** EXERCISE AIM **
Every line of the listing below is to be repeated exactly; the pictures stay out.

** COLLECTED MATERIAL **
⁂
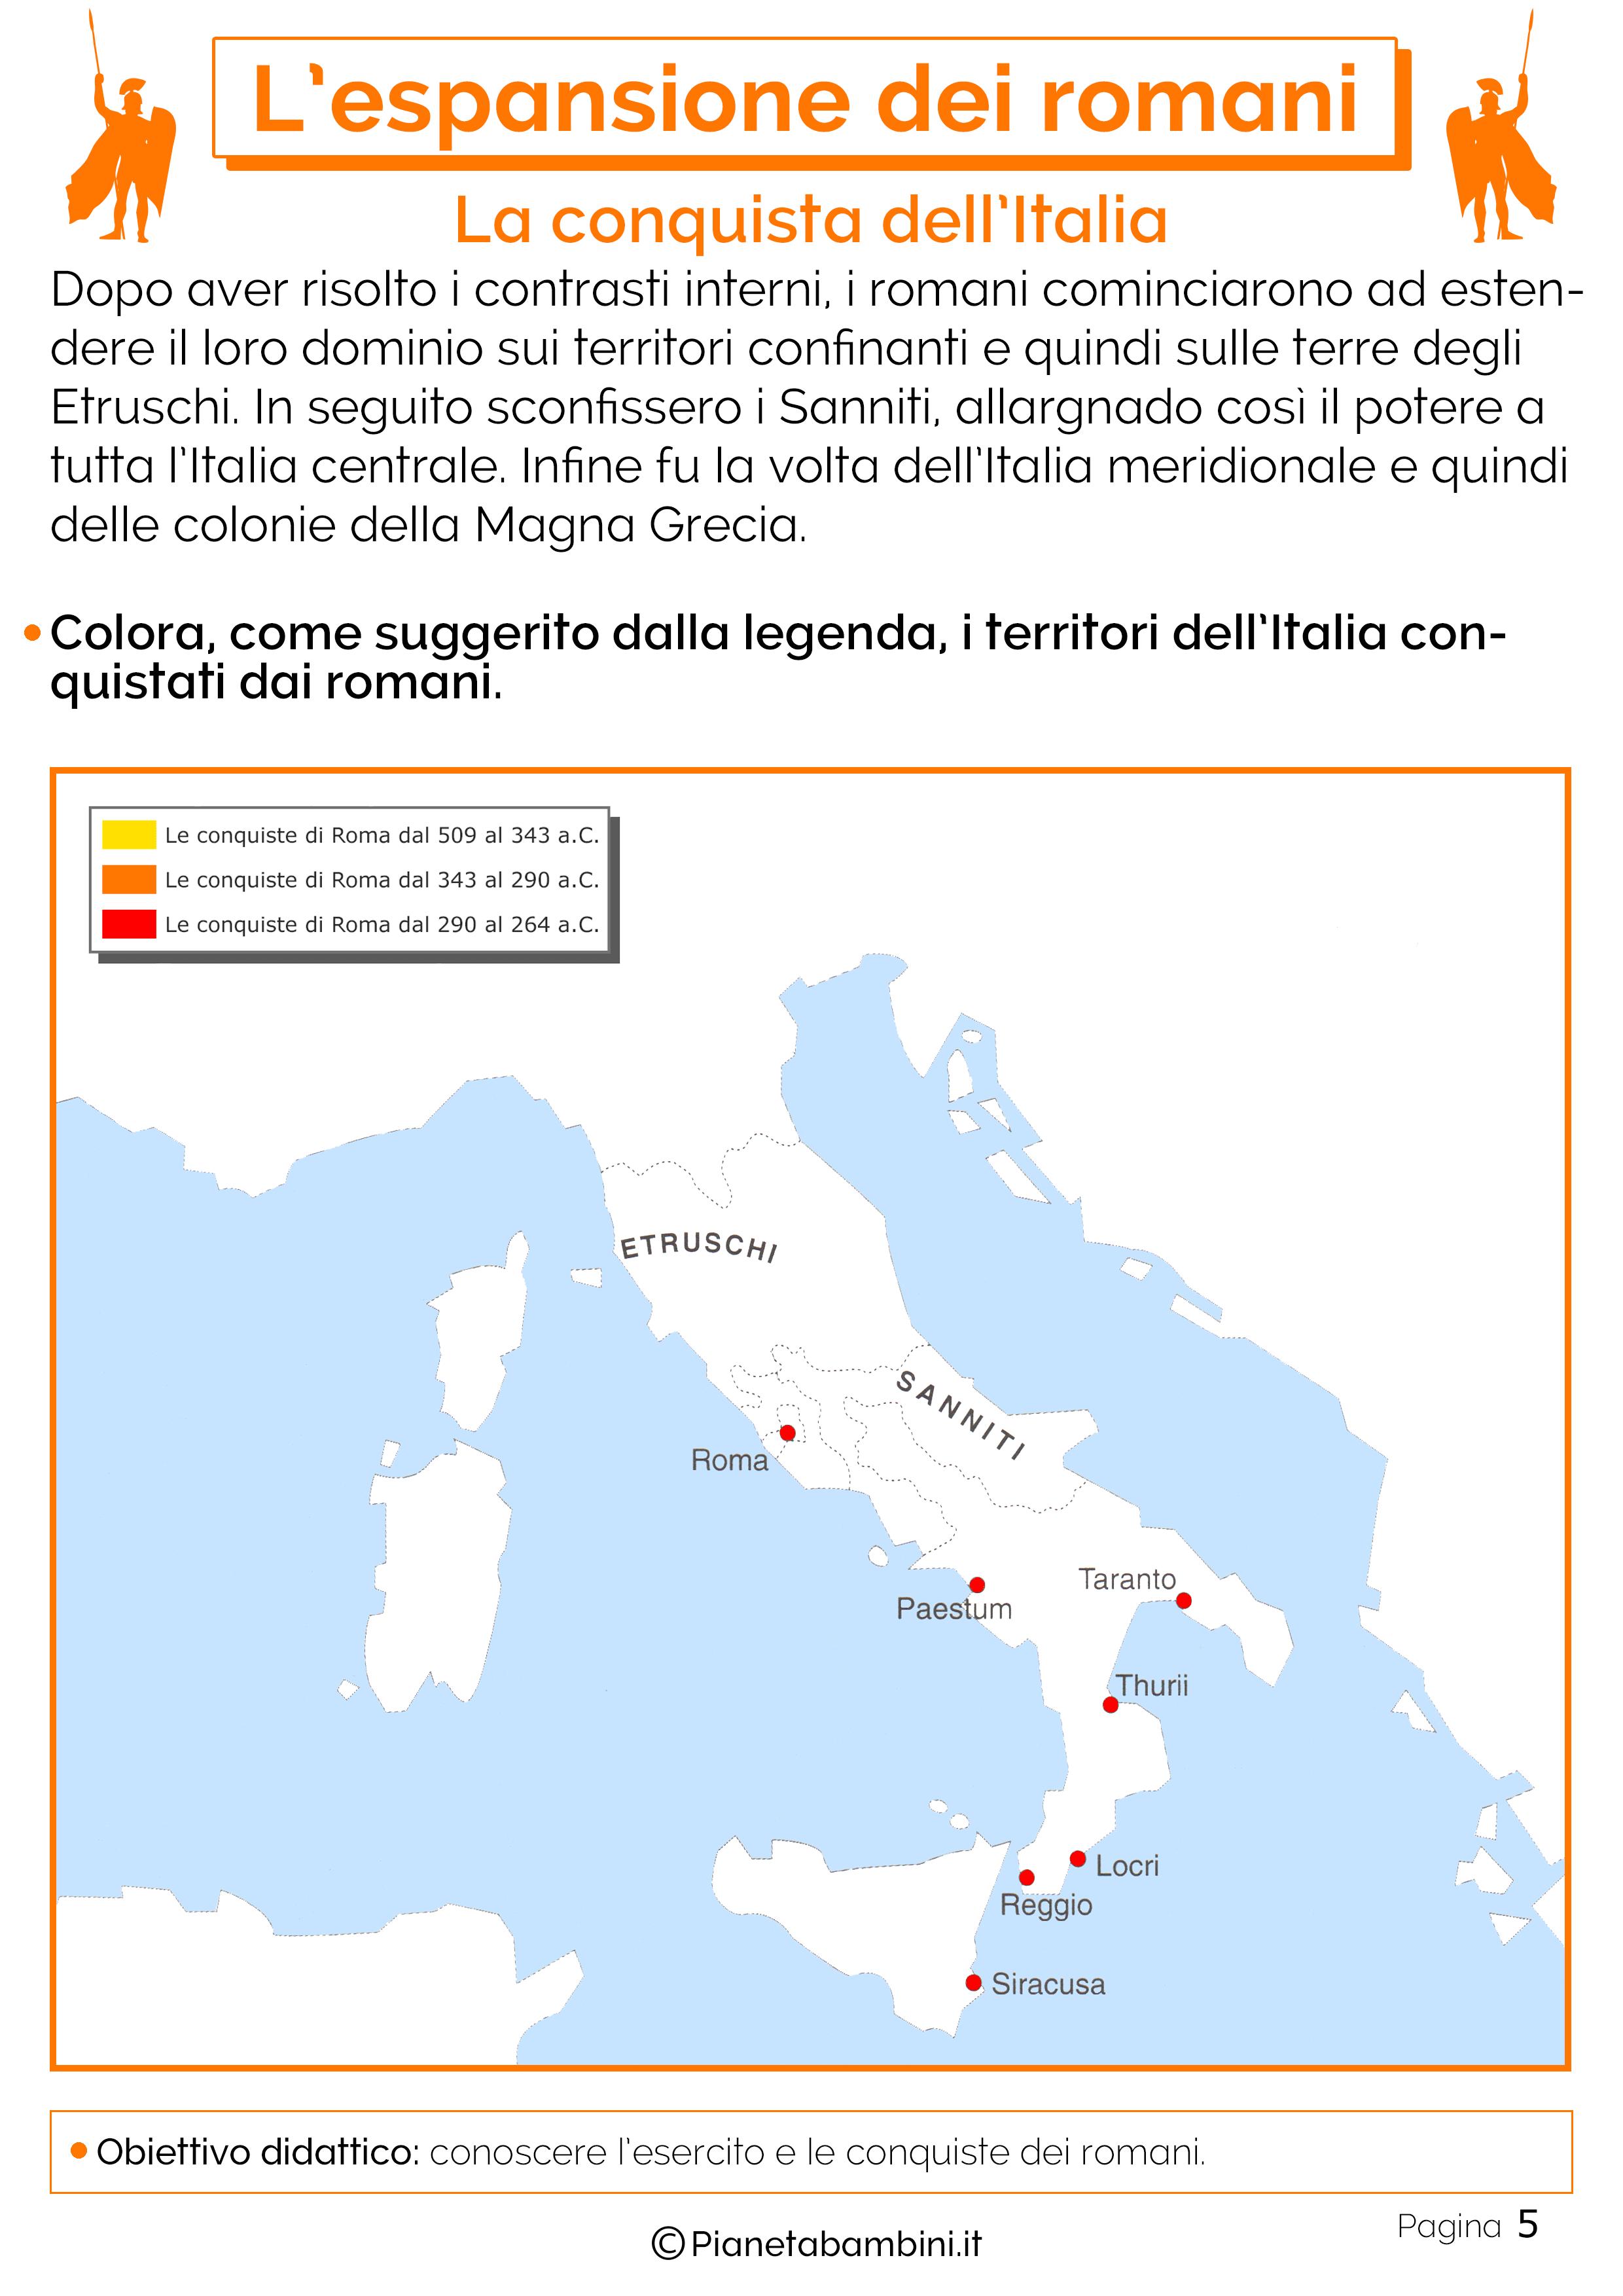 La conquista dell'Italia
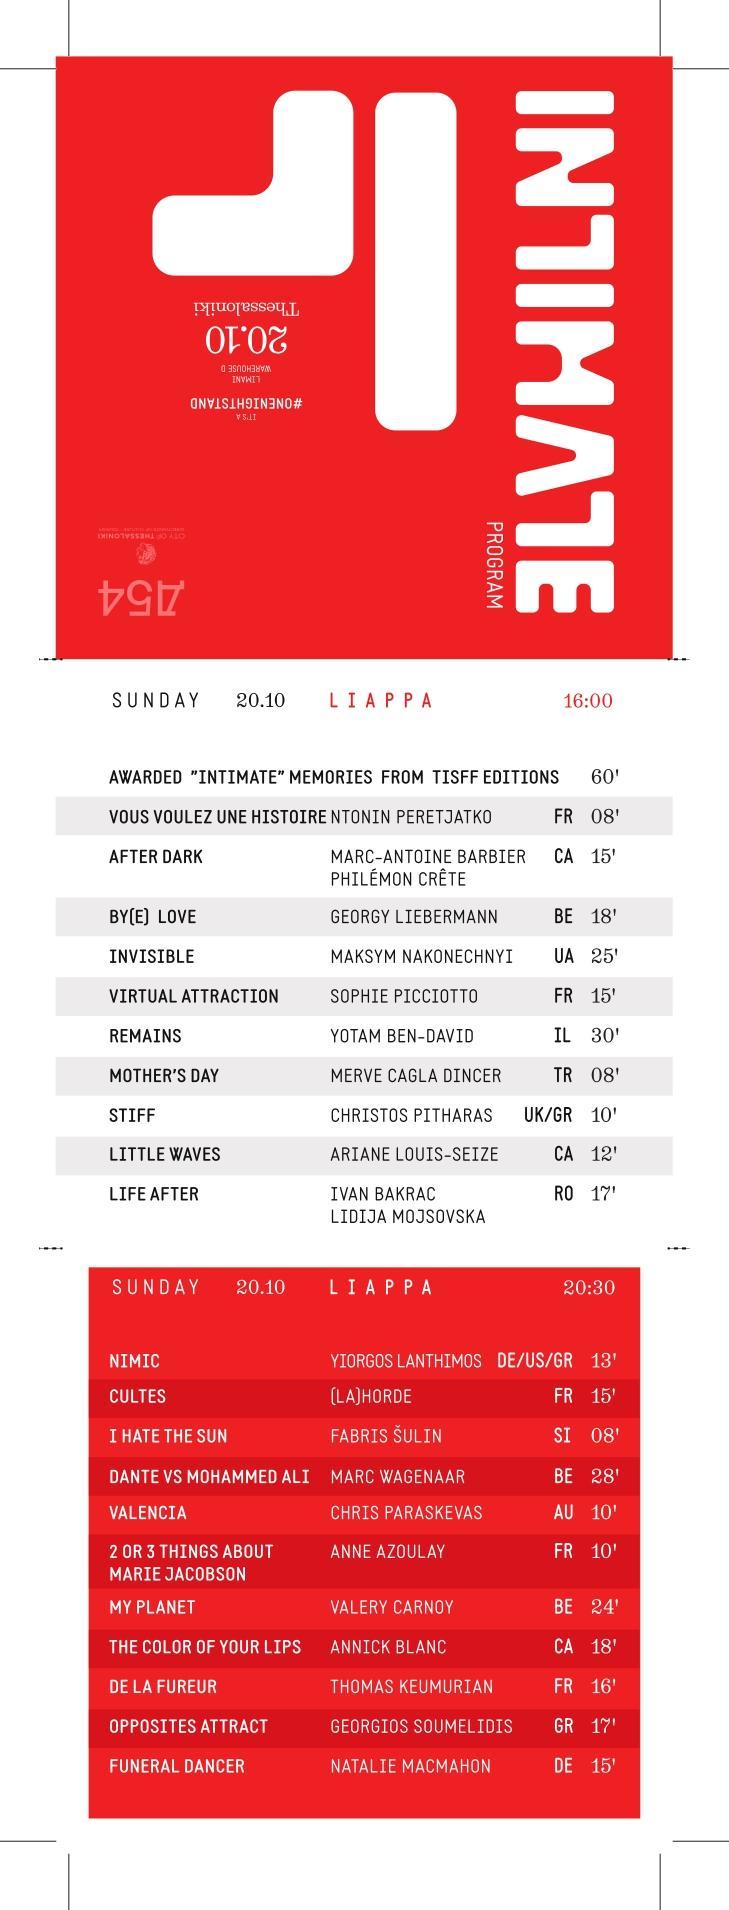 TiSFF & Intimate Festival: Δες το αναλυτικό πρόγραμμα του τετραημέρου εδώ
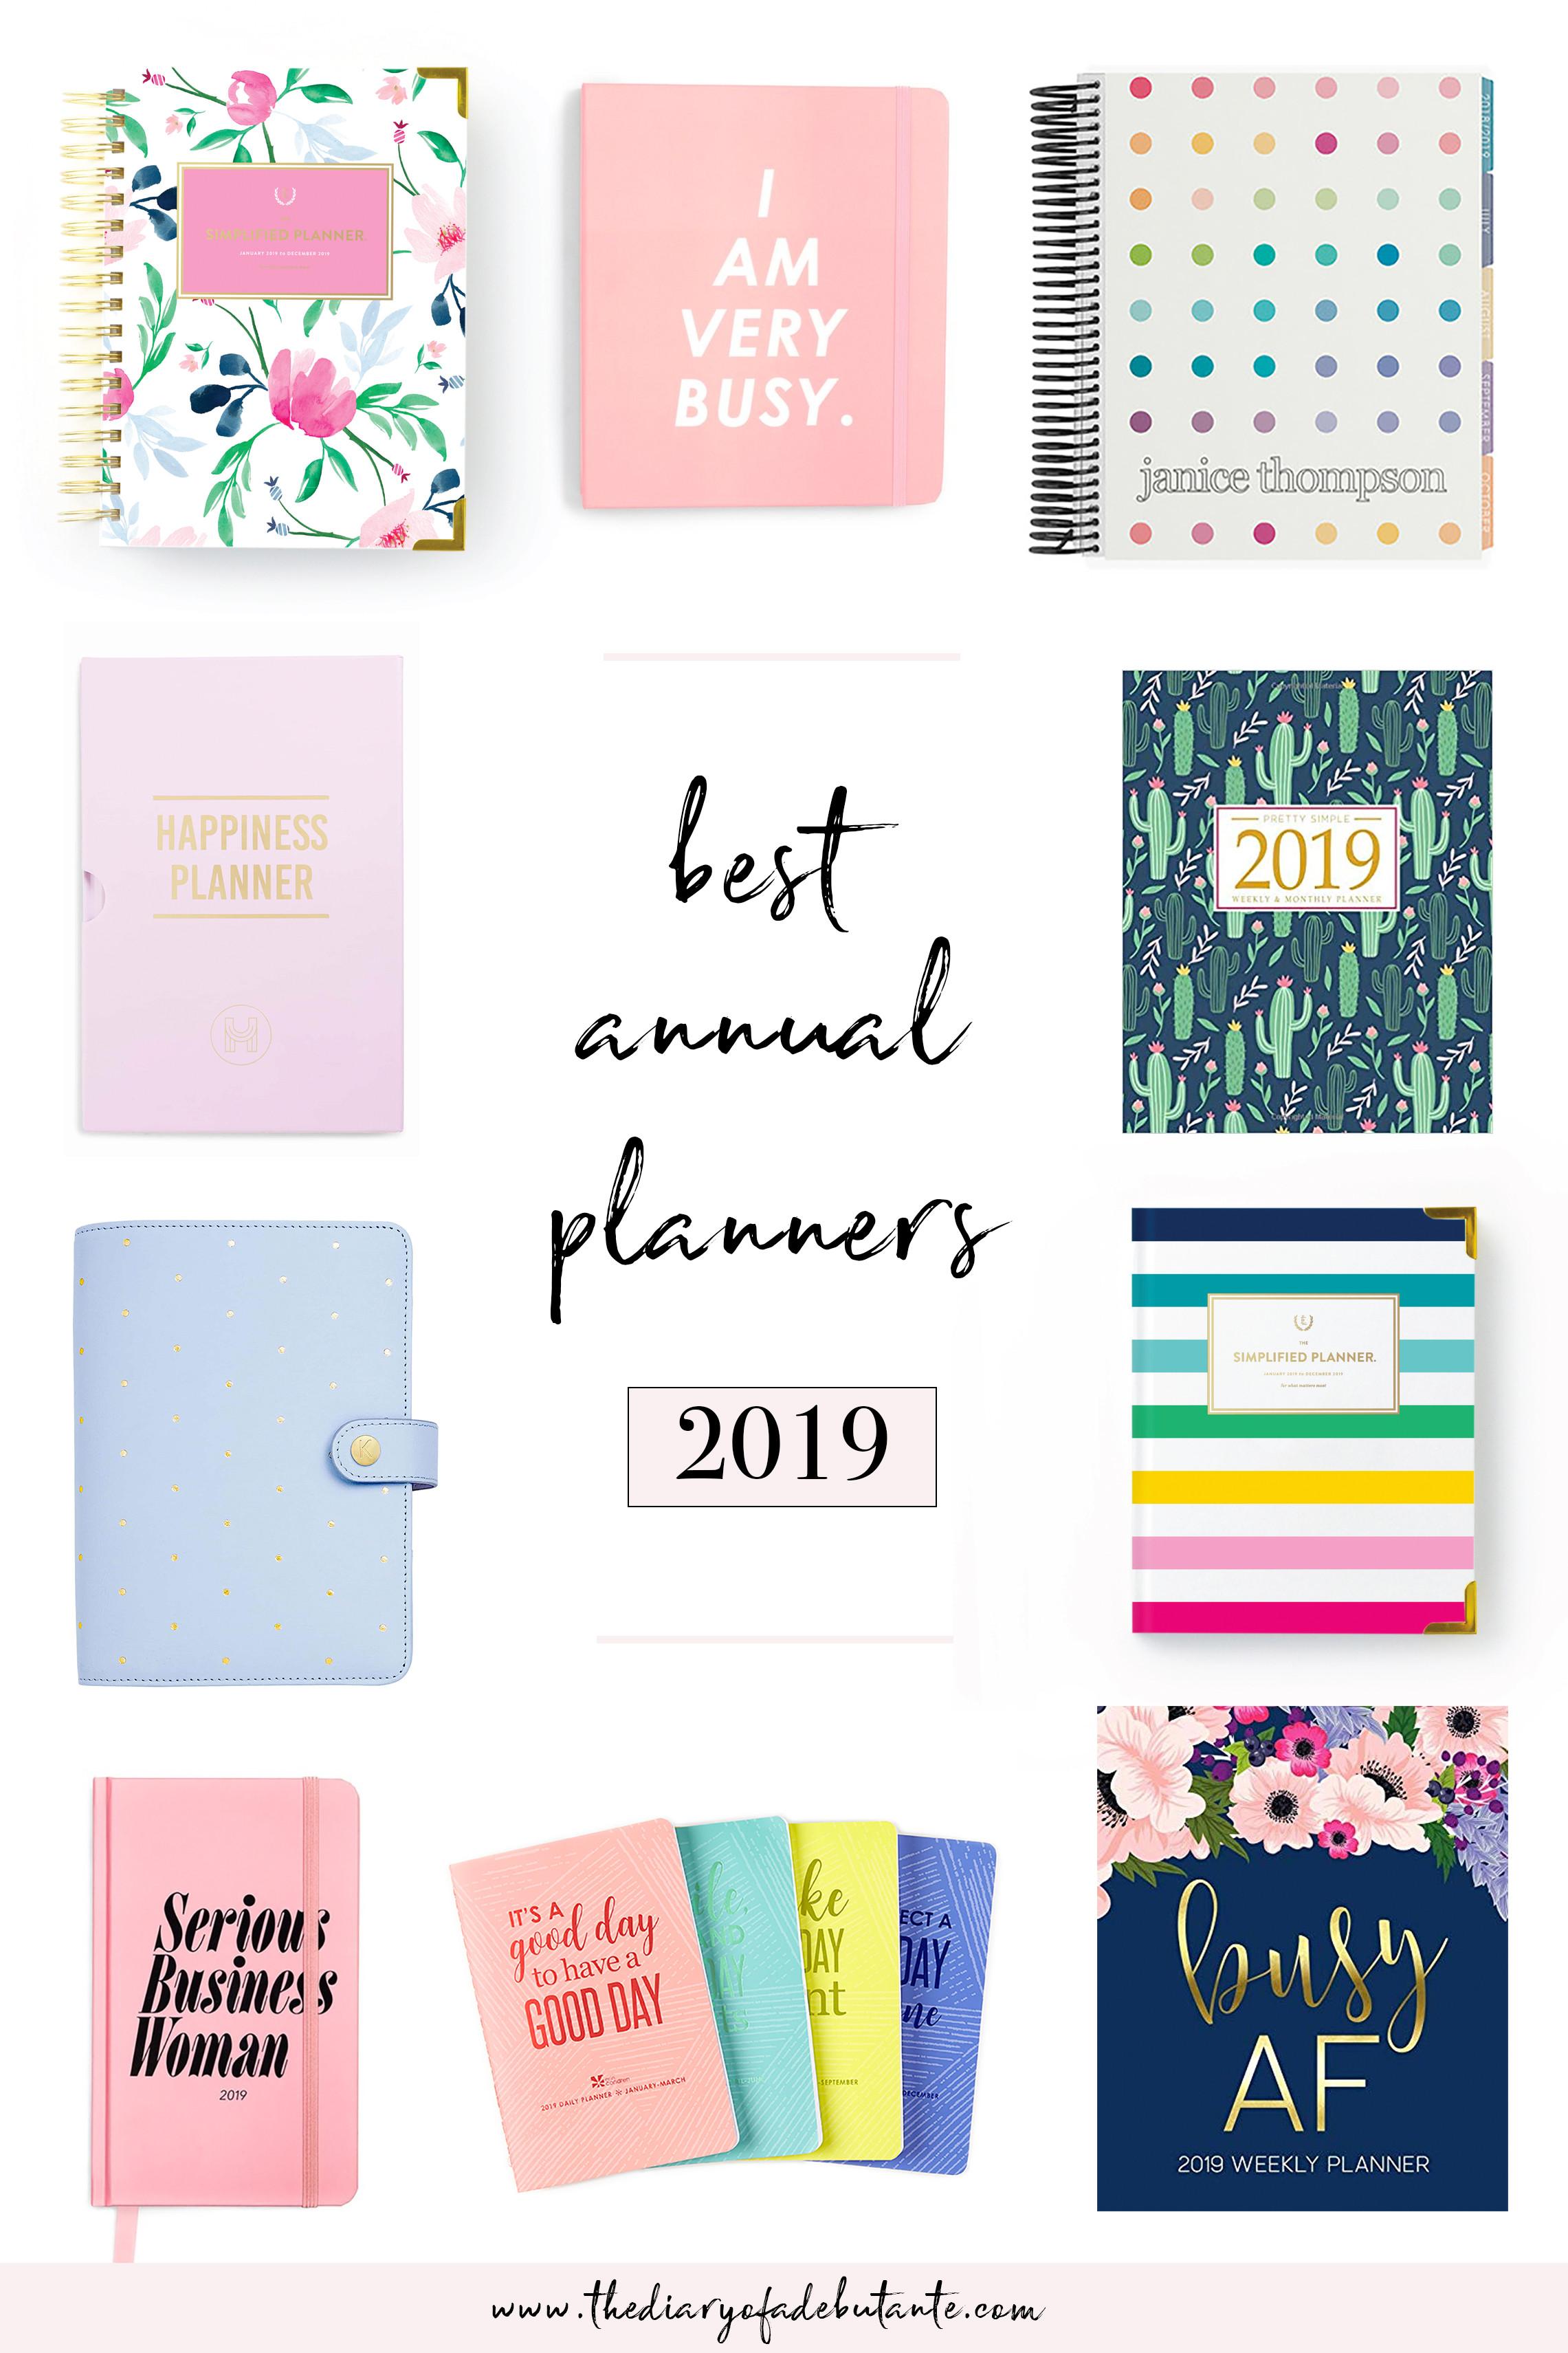 Best Organizer Planner  Best Planners for Working Women 2019 Annual Planner Round Up
⁂
** EXERCISE SOLUTION **
 La conquista dell'Italia
 TiSFF & Intimate Festival: Δες το αναλυτικό πρόγραμμα του τετραημέρου εδώ
 Best Organizer Planner  Best Planners for Working Women 2019 Annual Planner Round Up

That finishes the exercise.